Assume we have a 6 seat table to arrange 6 men. Total number of cases = (6-1)! = 5!
Now we can put 6 chair between those 6 men in a circle. Total number of cases to arrange women on those extra seats = 6! (it's a circle, but now we already have a starting reference once we seat all the men, thus not 5!)
Probability = (5! * 6!)/11! = 1/462.
Can you please clarify what you meant about having a starting reference? I'm not really understanding why we do 6! for the women instead of 5!
- The arrangement of n distinct objects in a row is denoted by n!.
- The arrangement of n distinct objects in a circle is represented by (n-1)!.

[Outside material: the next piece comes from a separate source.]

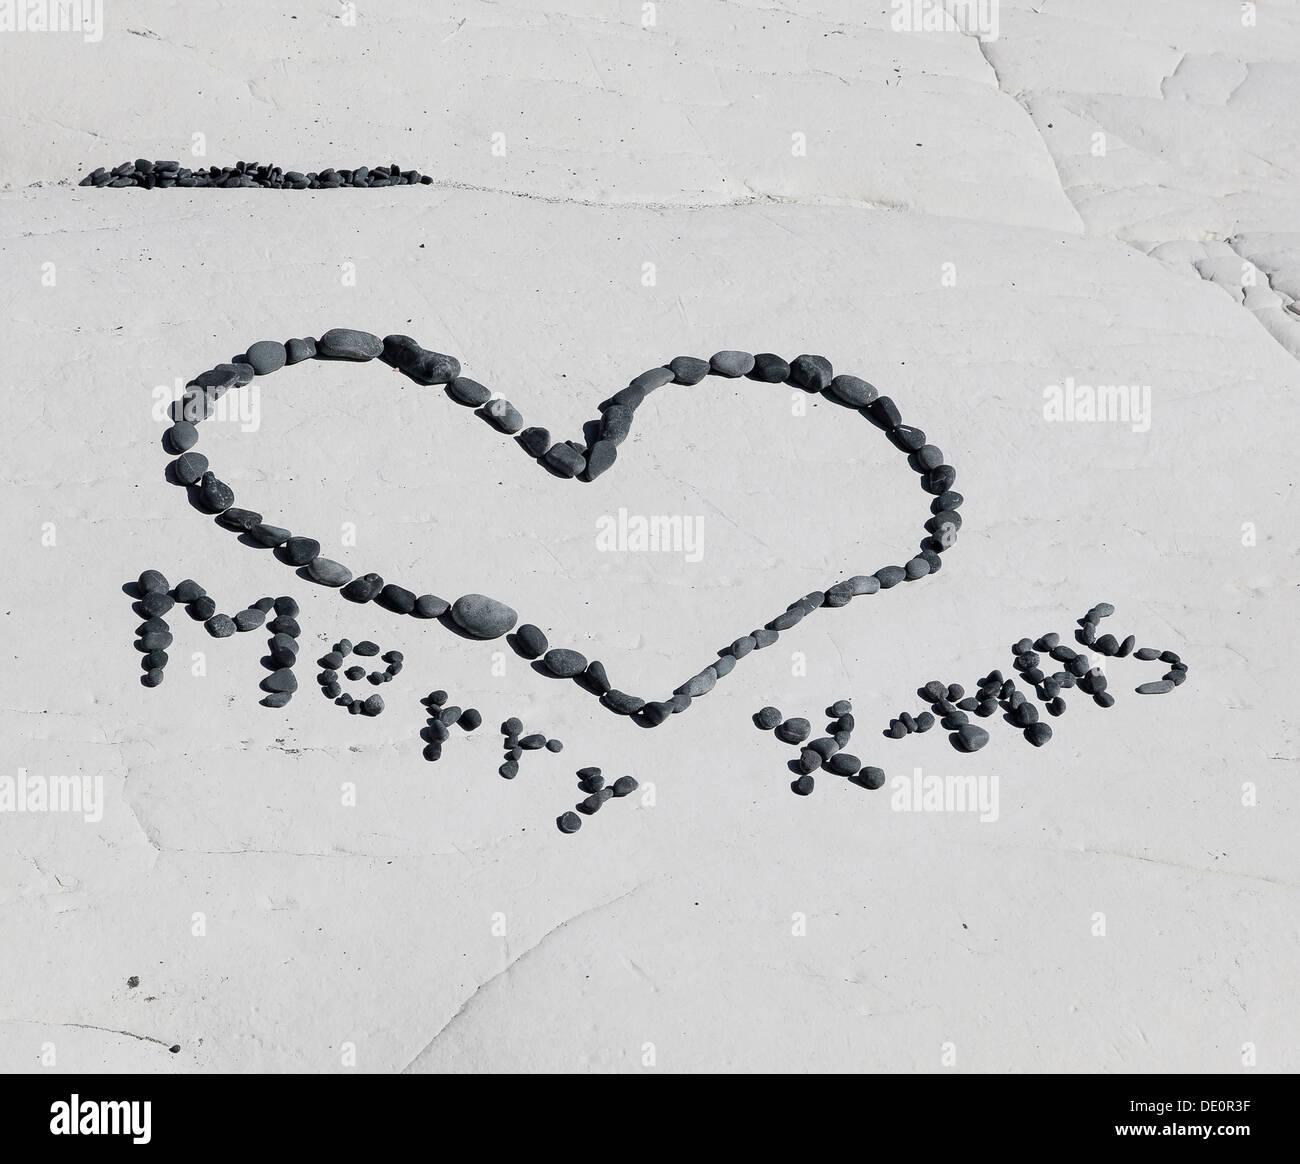 Merry X-Mas, hecha de piedras colocadas sobre una roca Imagen De Stock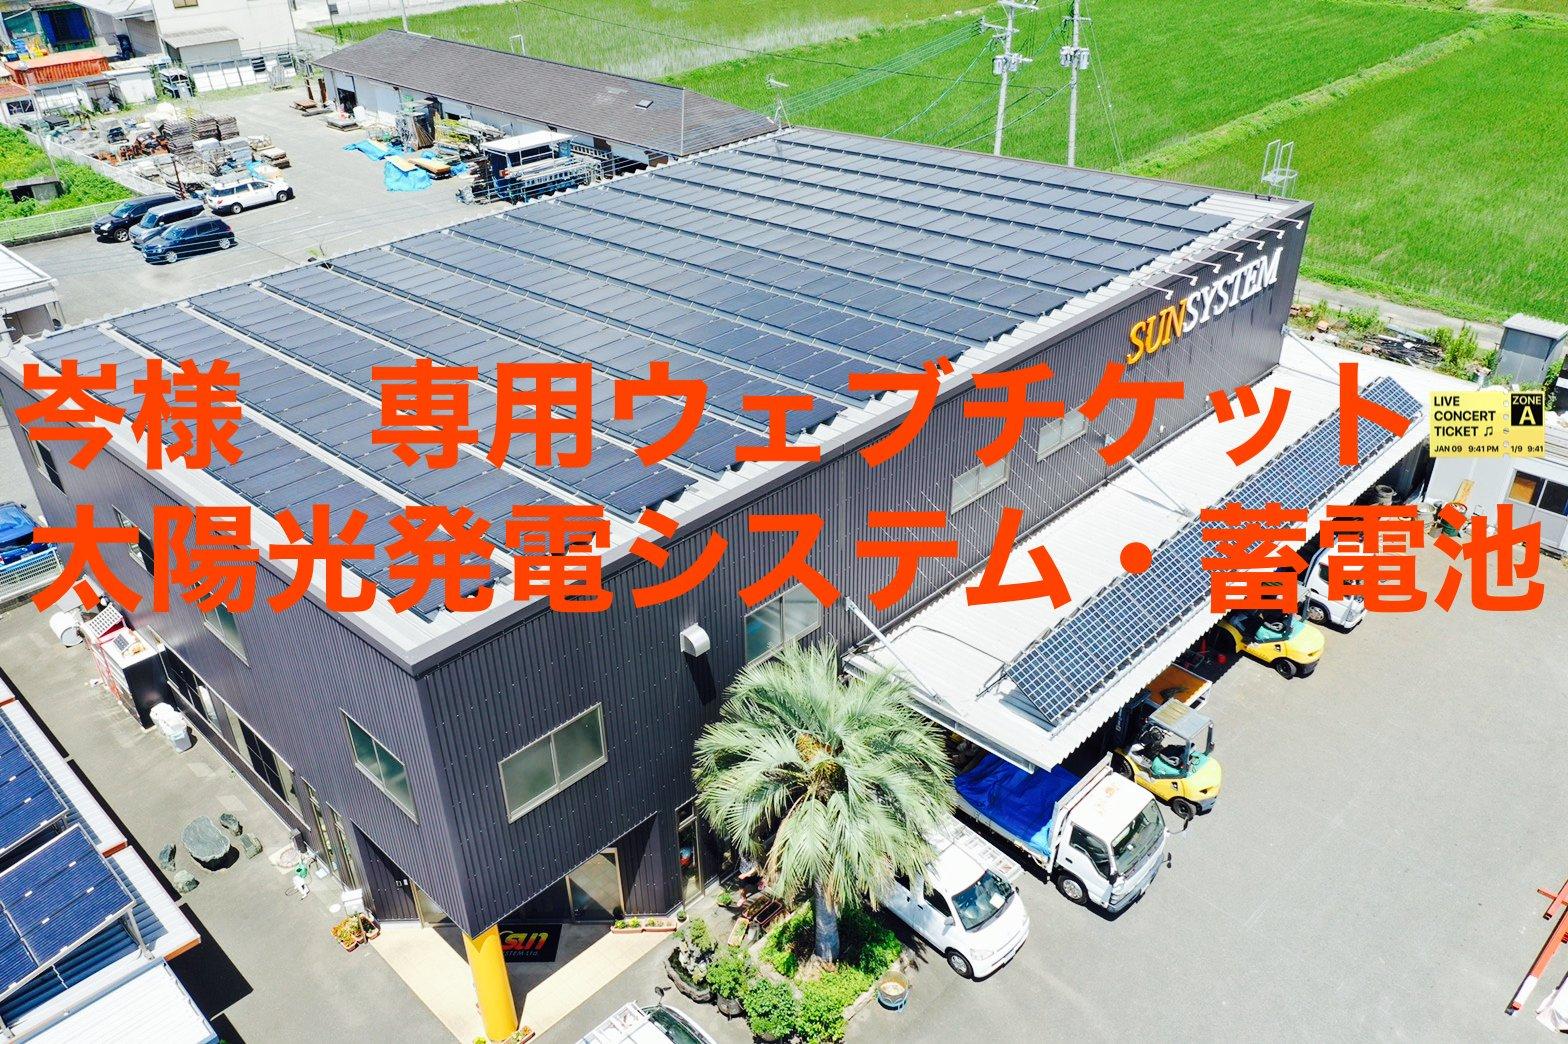 【岑様 専用チケット】太陽光発電システム・蓄電池システム工事【現地払い・銀行振り込み専用チケット】のイメージその1

The distinction between arranging in a row and in a circle is as follows: if we shift all objects by one position, we achieve a different arrangement in a row, but maintain the same relative arrangement in a circle. Therefore, for the number of circular arrangements of n objects, we have:
- \(\frac{n!}{n} = (n-1)!\).
To demonstrate this, let's consider a simpler case: {1, 2, 3} arrangement in a row is distinct from {3, 1, 2} and from {2, 3, 1} arrangement.
However, the below three arrangements in a circle are identical:
Next, if we place three letters a, b, and c between these numbers, shifting them by one position would no longer yield the same arrangement. This is because it now matters whether a is positioned between 1 and 3 or between 1 and 2:
Therefore, the number of arrangements of a, b, and c between 1, 2, and 3 is now 3!, rather than 2!, due to the relative positioning of these letters in regards to the numbers.
6 men and 6 women are seated around a table. What is the probability that the men and women sit alternately at the table?A. 1/462
B. 1/55
C. 3/55
D. 2/11
E. 36/55
According to the above, the number of ways to seat 12 people, consisting of 6 men and 6 women, around a table without any restrictions is (12 - 1)! = 11!.
To arrange them alternately, we calculate (6 - 1)! = 5! for one group, and arrange the members of the other group between them in 6! ways.
Therefore, the probability is 5!6!/11!= 5!/(7*8*9*10*11) = 1/(7*3*2*11) = 1/462.
Answer: A.
Hope it's clear.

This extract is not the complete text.